# Spark GraphFrames

GraphFrames is a Spark [package](https://spark-packages.org/package/graphframes/graphframes) that aims to use DataFrames for representing and working with graph structures. For the examples you will use the same datasets as in the previous notebook where you worked with GraphX API. 

Because GraphFrames are still not part of the official Spark distribution, you need to include them as a package. The easiest way to do it is to add `graphframes:graphframes:0.6.0-spark2.3-s_2.11` to the `spark.jars.packages` configuration parameter in the `/usr/local/spark/spark-defaults.conf` file. 
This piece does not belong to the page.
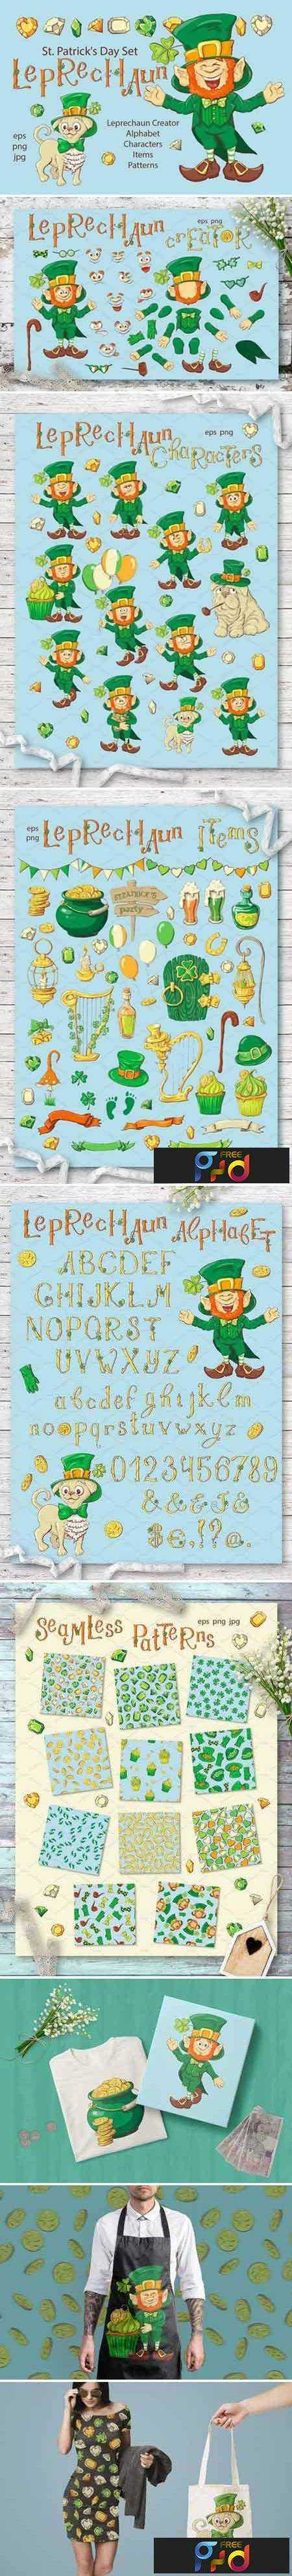 1804238 Leprechaun – St. Patrick's Day Set 2231895 1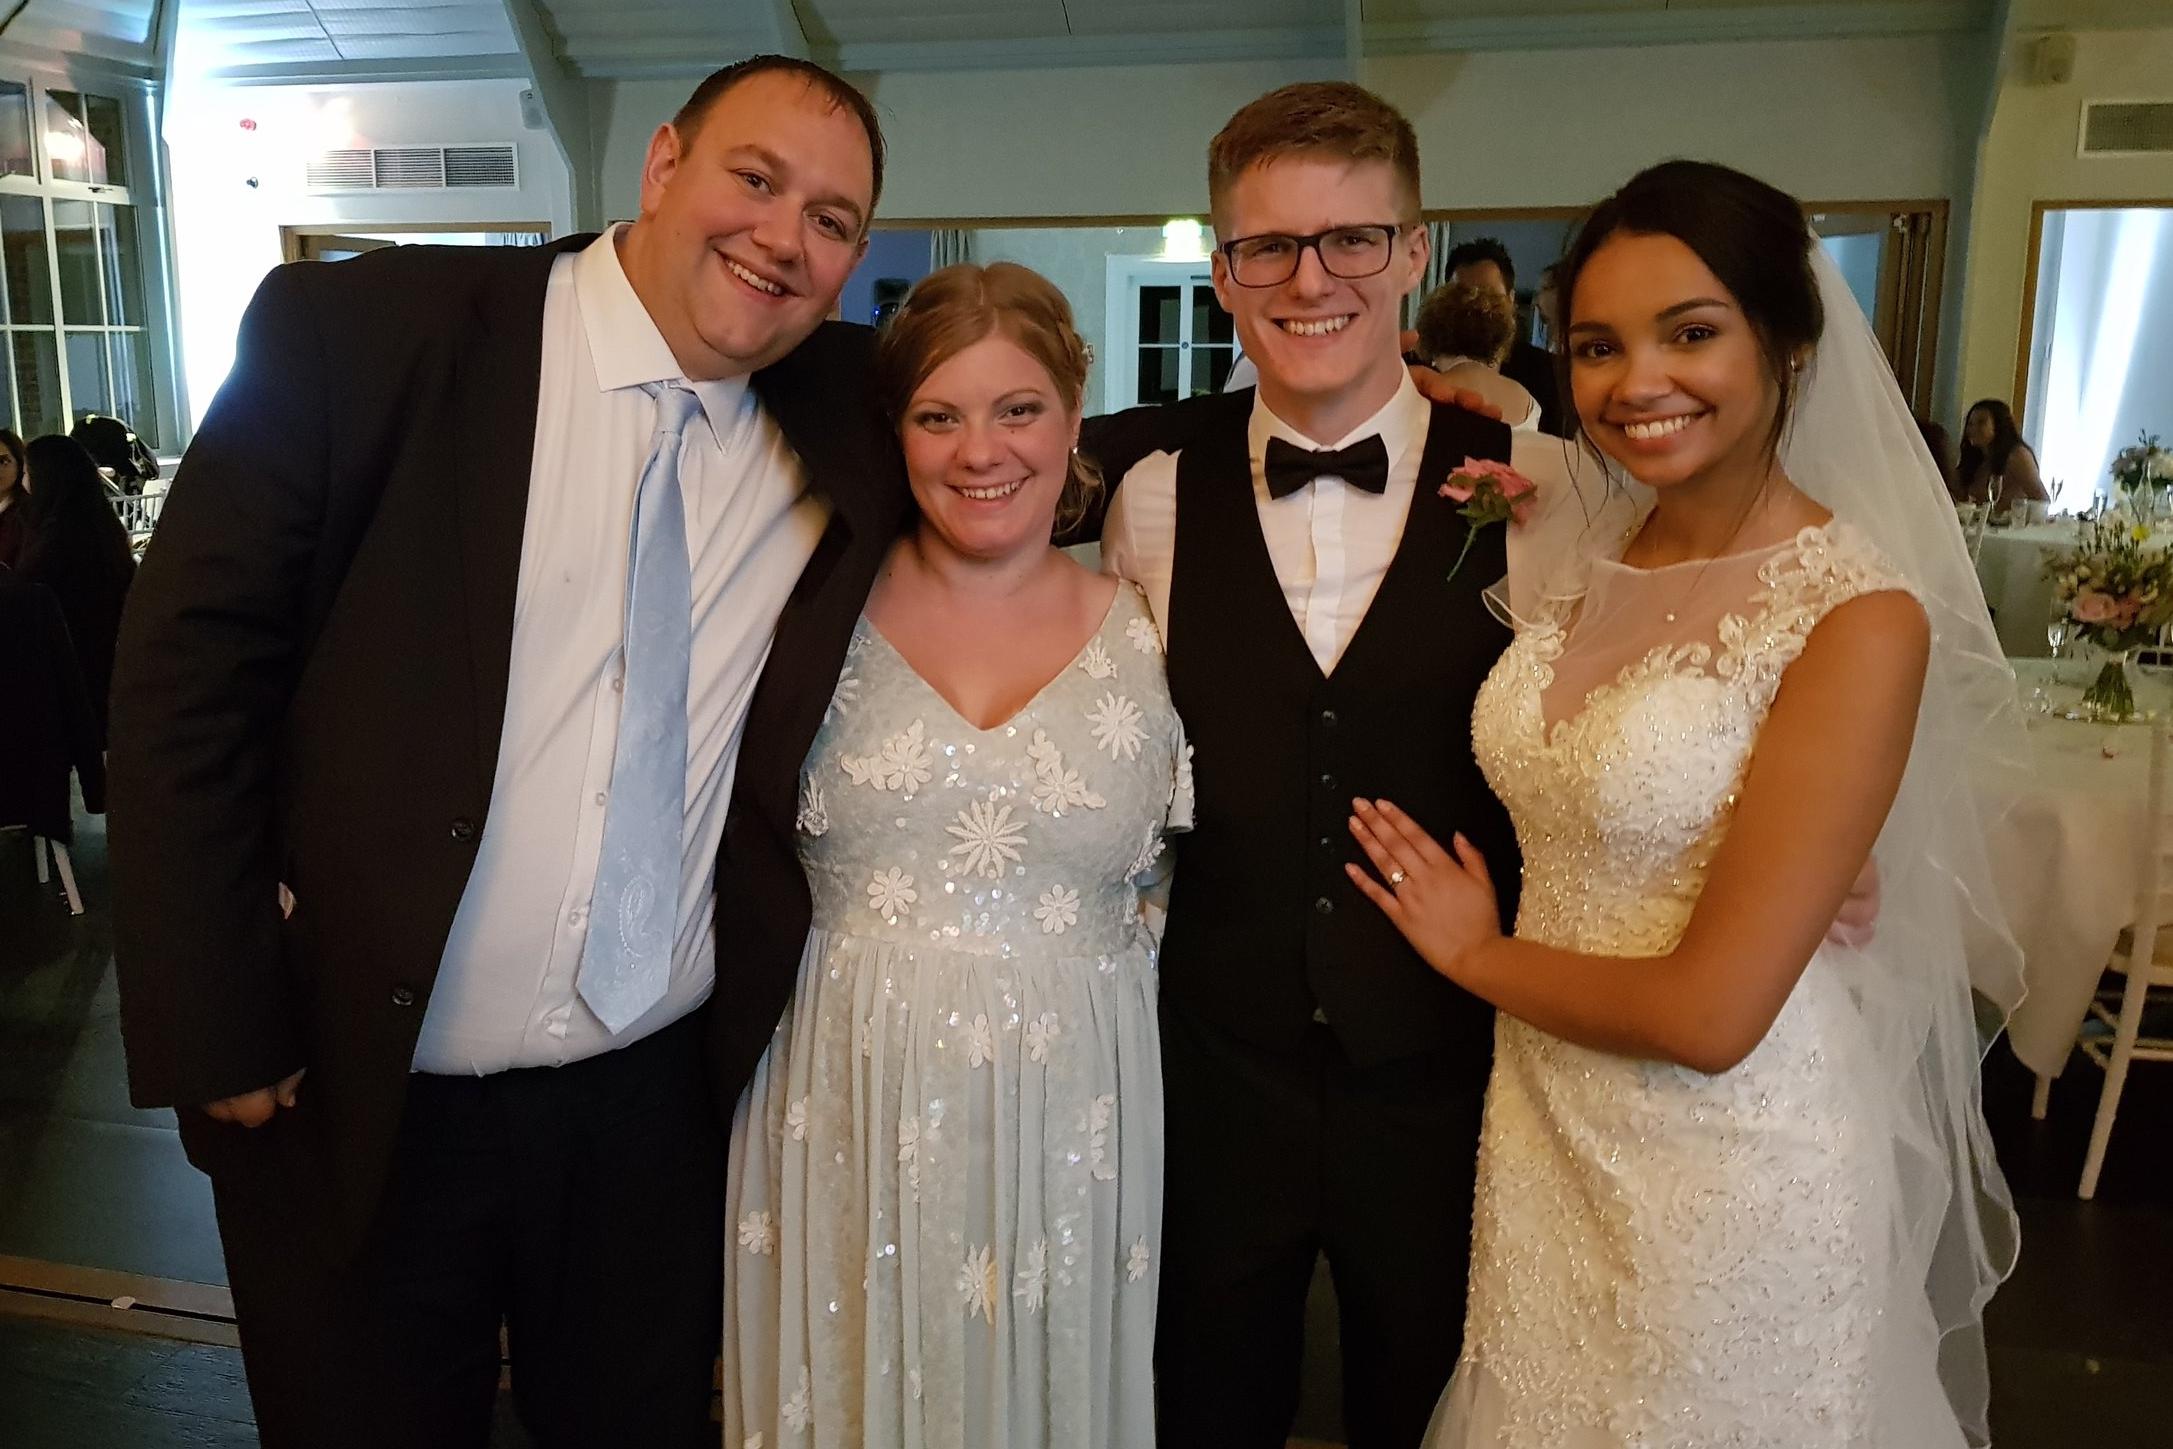 Samuel & Megan's wedding day, wearing ELVI's SENCHAEmbellished Midi Dress

Then start a Spark session using the following code:

In [1]:
import findspark
findspark.init()

from pyspark.sql import SparkSession
spark = SparkSession.builder.appName("Spark course - GraphFrames").\
    master("local[*]").enableHiveSupport().getOrCreate()

sc = spark.sparkContext

Check your notebook's output to see if the GraphFrames package has been successfully downloaded.

## Creating GraphFrames

To create an `graphframes.GraphFrame`, you need to give it a DataFrame with vertices and a DataFrame with edges (you can find the official GraphFrames documentation [here](https://graphframes.github.io/graphframes/docs/_site/api/python/graphframes.html#graphframes.GraphFrame)). The vertices DataFrame needs to have a column named `id` with vertex IDs, and any other columns with additional information you need. The edges DataFrame needs to have `src` and `dst` columns (containing IDs of source and destination vertices) and then again other columns you may need.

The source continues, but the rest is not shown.